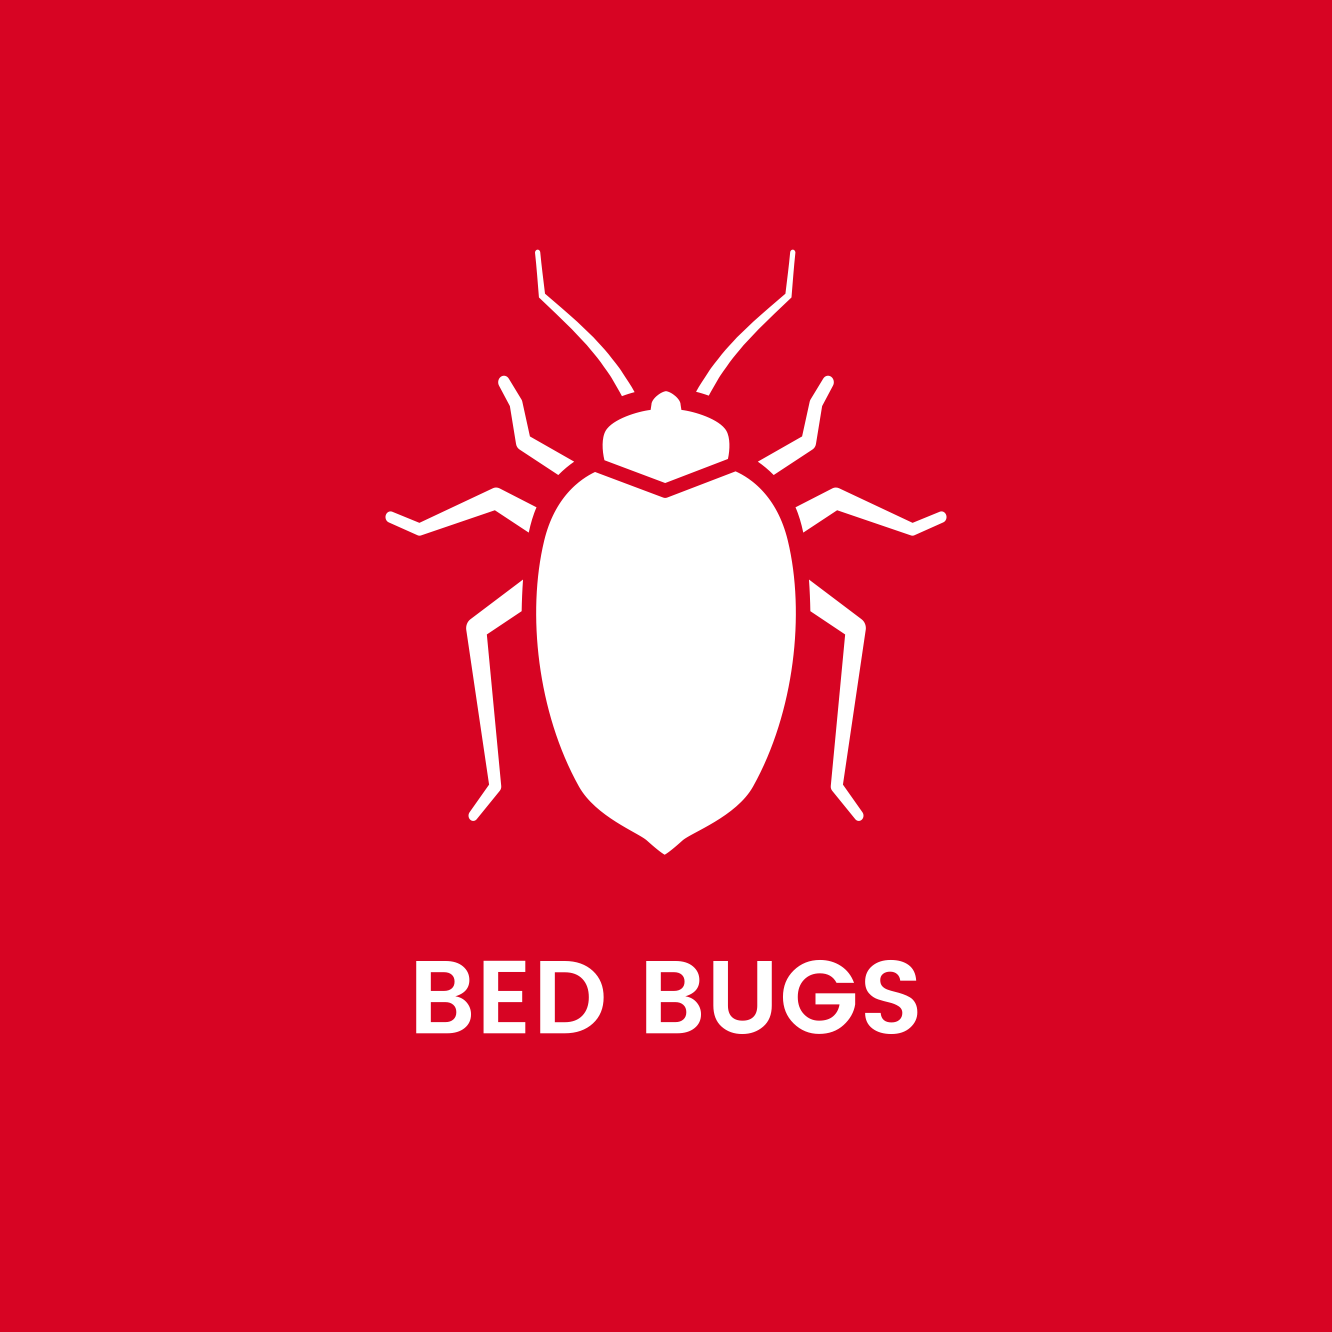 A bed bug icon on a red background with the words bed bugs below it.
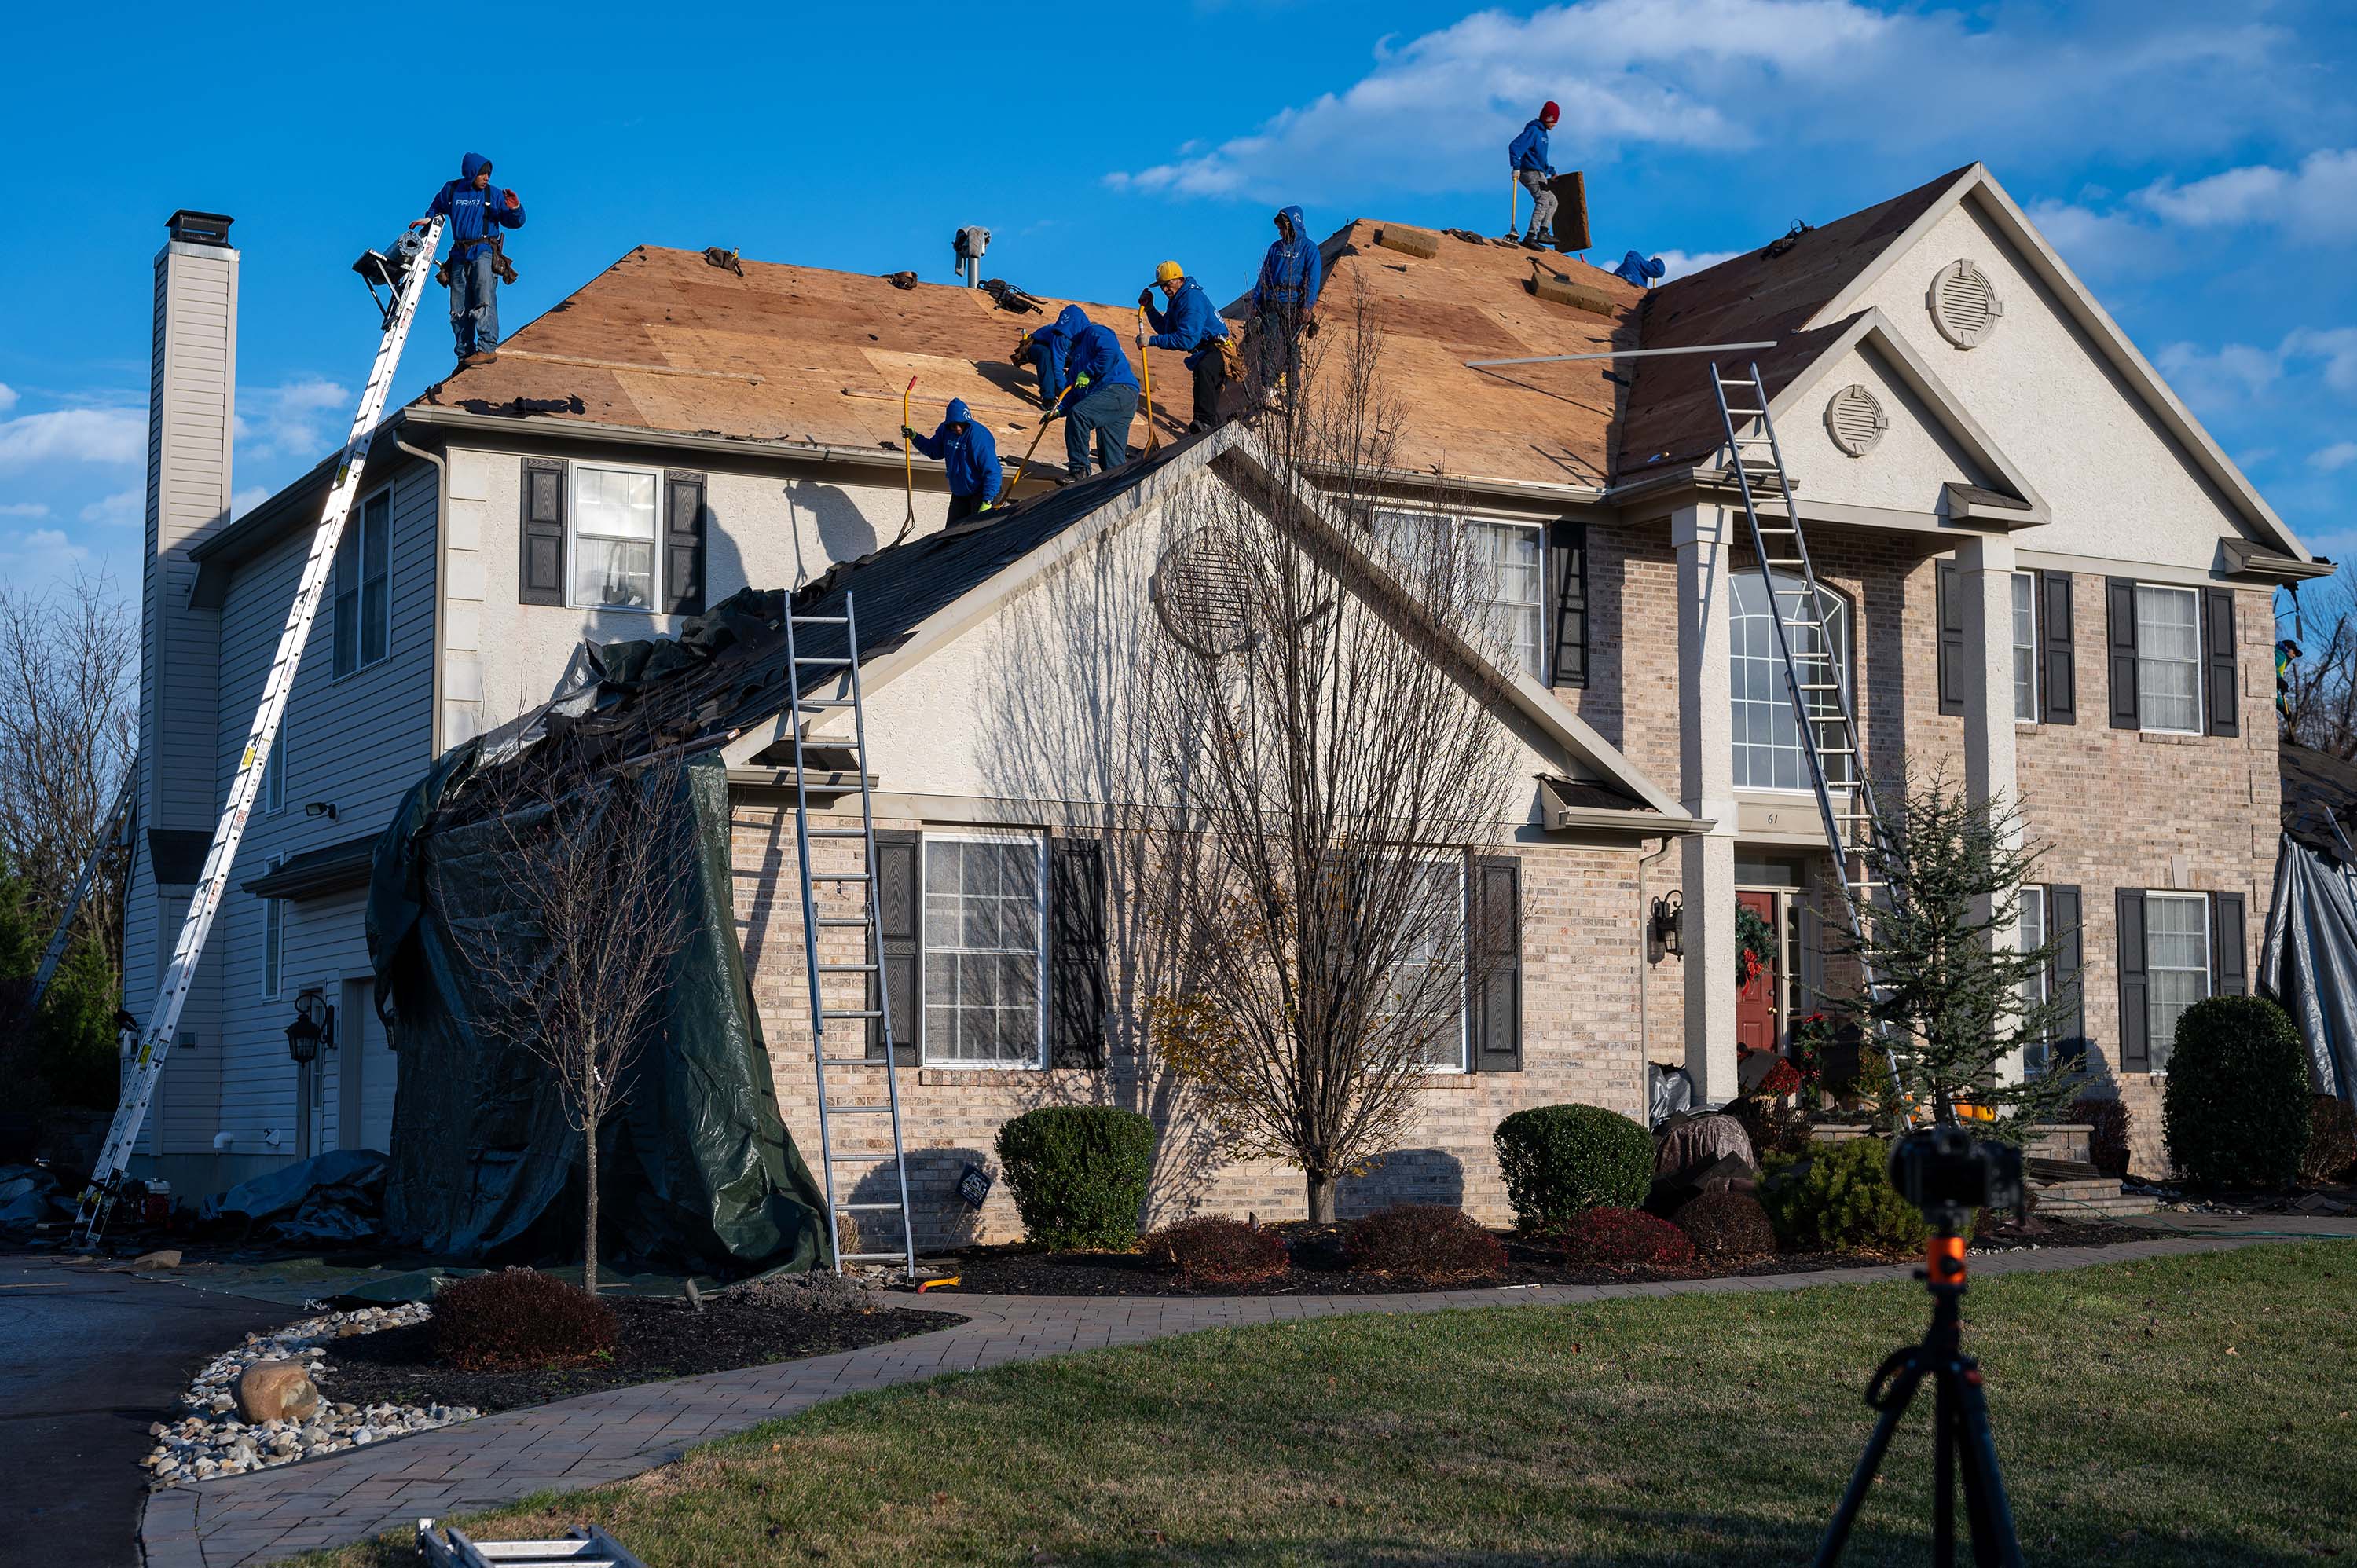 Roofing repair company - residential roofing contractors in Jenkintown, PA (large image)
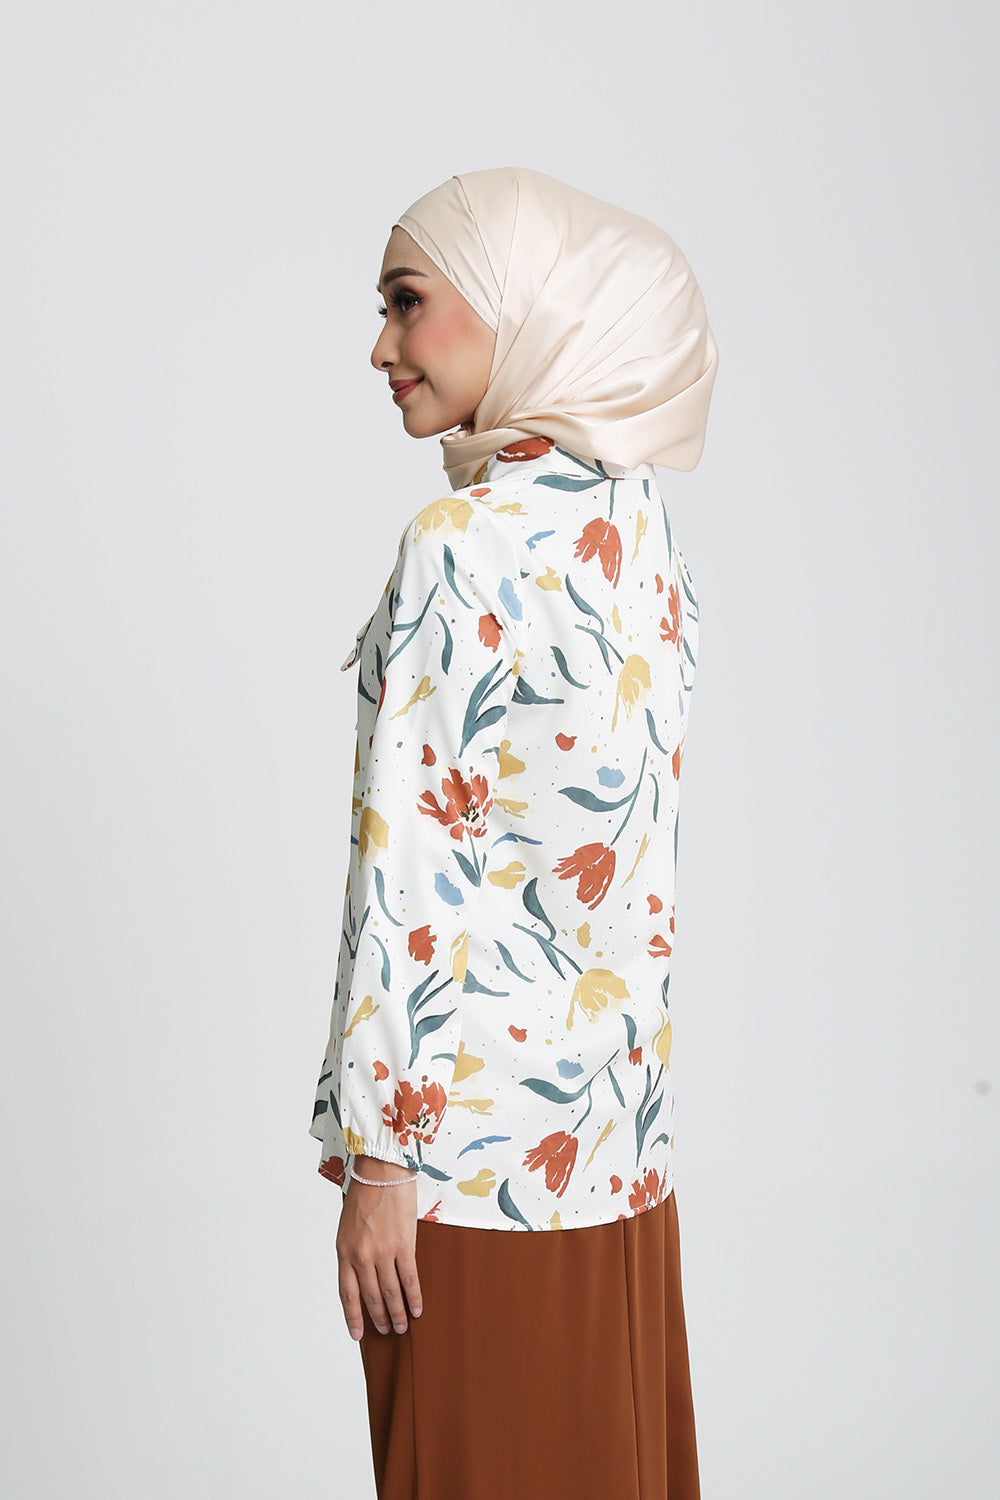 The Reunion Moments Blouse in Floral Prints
§ §
**How to complete this task:** Take the listing and print it again exactly, but without any pictures.

**Exercise output:**
 A bed bug icon on a red background with the words bed bugs below it.
 Roofing repair company - residential roofing contractors in Jenkintown, PA (large image)
 The Reunion Moments Blouse in Floral Prints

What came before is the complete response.